To find the most efficient timestamps, let’s try to find the maximum year we can effort with the most granular format. Our the most granular format is nanoseconds. Let’s see:

package main

import (
  "time"
  "math"
)

func main() {
  timestamp := int64(math.MaxInt64) // Maximum available timestamp.
  t := time.Unix(0, timestamp) // Parse the maximum timestamp.
  println(t.Format(time.RFC3339)) // 2262-04-11T23:47:16Z
  println(timestamp) // 9223372036854775807
}

As we can see the maximum available int64 timestamp is 9223372036854775807 and it equals to 2262-04-11T23:47:16Z date time.

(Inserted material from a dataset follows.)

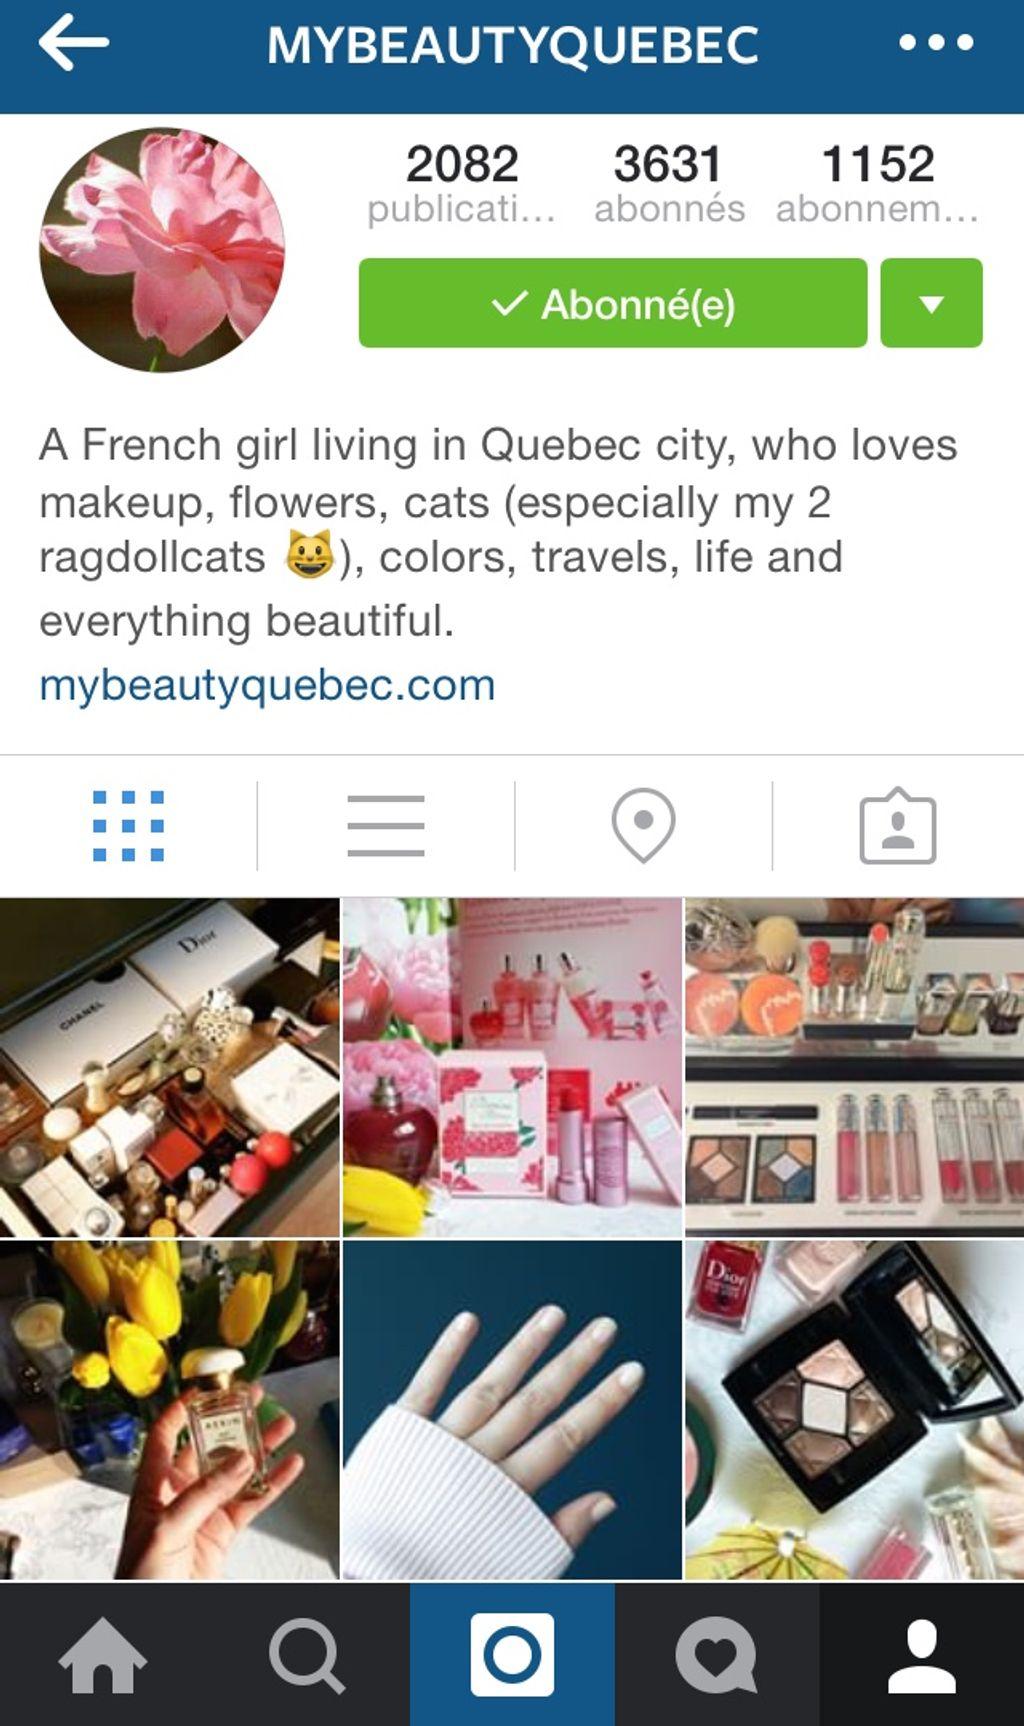 5 comptes beauté que j'aime suivre sur Instagram
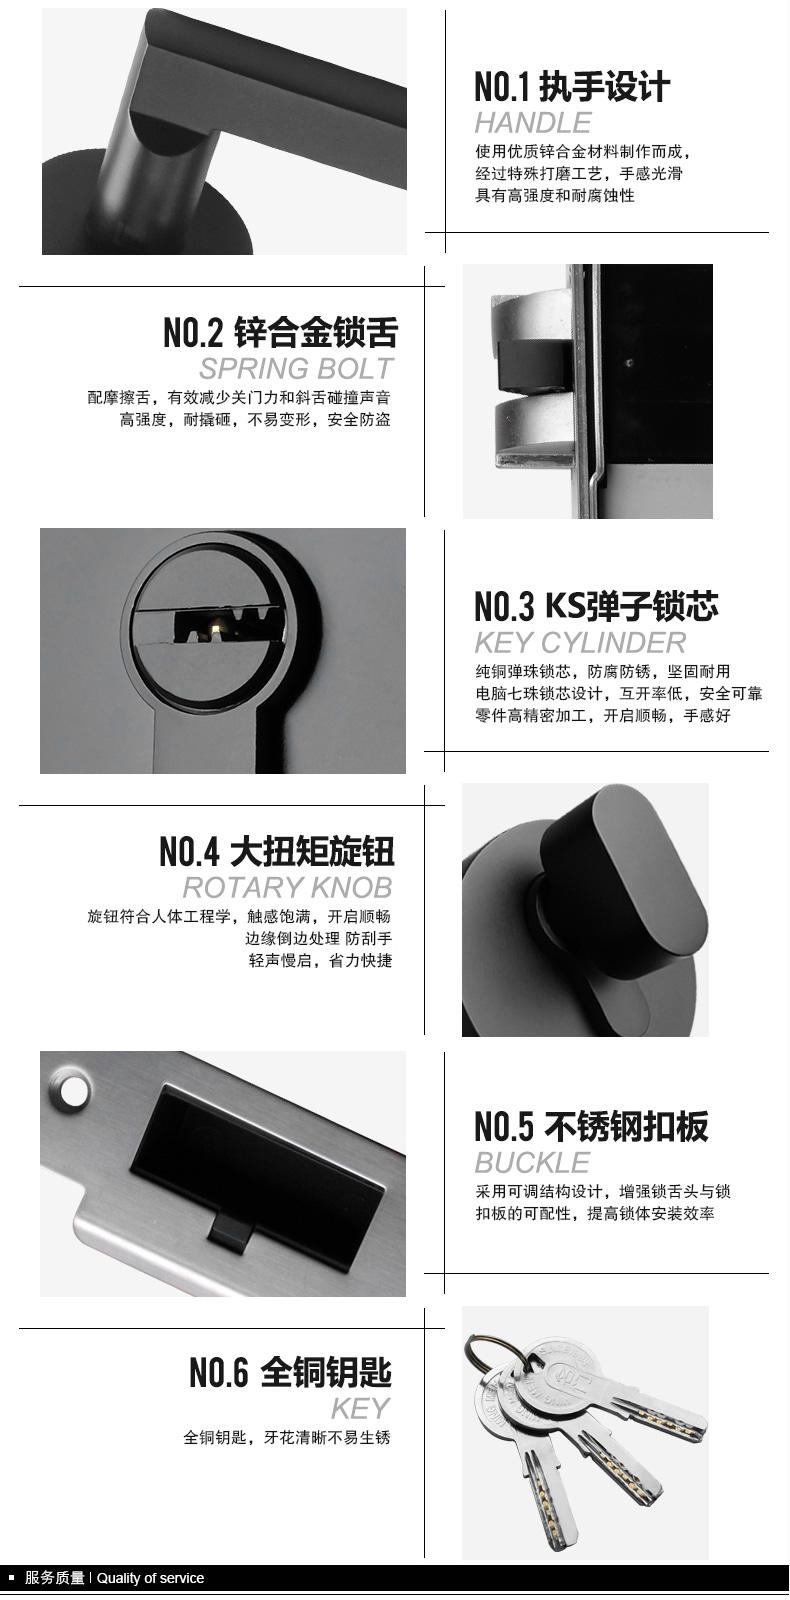 名门黑色门锁-室内静音锁具三件套装_05.jpg

Based on our previous knowledge if we will devide this number by 1000 we will get the next less granular format. Let’s see it in the example:

package main

import (
  "math"
  "time"
)

func main() {
  nano := int64(math.MaxInt64)
  micro := int64(nano / 1000)
  milli := int64(micro / 1000)
  sec := int64(milli / 1000)

  // Print all timestamps.
  println("seconds: ", sec)        // seconds:  9223372036
  println("milliseconds: ", milli) // milliseconds:  9223372036854
  println("microseconds: ", micro) // microseconds:  9223372036854775
  println("nanoseconds: ", nano)   // nanoseconds:  9223372036854775807

  // Parse seconds.
  println(time.Unix(sec, 0).UTC().Format(time.RFC3339)) // 2262-04-11T23:47:16Z
  // Parse seconds by converting it to nanoseconds.
  println(time.Unix(0, sec*int64(time.Second)).UTC().Format(time.RFC3339)) // 2262-04-11T23:47:16Z
  // Let's see what time will we see if we try to parse the seconds as milliseconds.
  println(time.Unix(0, sec*int64(time.Millisecond)).UTC().Format(time.RFC3339)) // 1970-04-17T18:02:52Z
  // Parse milliseconds.
  println(time.Unix(0, milli*int64(time.Millisecond)).UTC().Format(time.RFC3339)) // 2262-04-11T23:47:16Z
  // Let's see what time will we see if we try to parse the milliseconds as microseconds.
  println(time.Unix(0, milli*int64(time.Microsecond)).UTC().Format(time.RFC3339)) // 1970-04-17T18:02:52Z
  // Parse microseconds.
  println(time.Unix(0, micro*int64(time.Microsecond)).UTC().Format(time.RFC3339)) // 2262-04-11T23:47:16Z// Let's see what time will we see if we try to parse the microseconds as nanoseconds.
  println(time.Unix(0, micro).UTC().Format(time.RFC3339)) // 1970-04-17T18:02:52Z
  // Parse nanoseconds.
  println(time.Unix(0, nano).UTC().Format(time.RFC3339)) // 2262-04-11T23:47:16Z
}

With the negative values we will follow the same logic, but we will start from the math.MinInt64 and go down. In the next code snippet with the solution we will see the actual implementation.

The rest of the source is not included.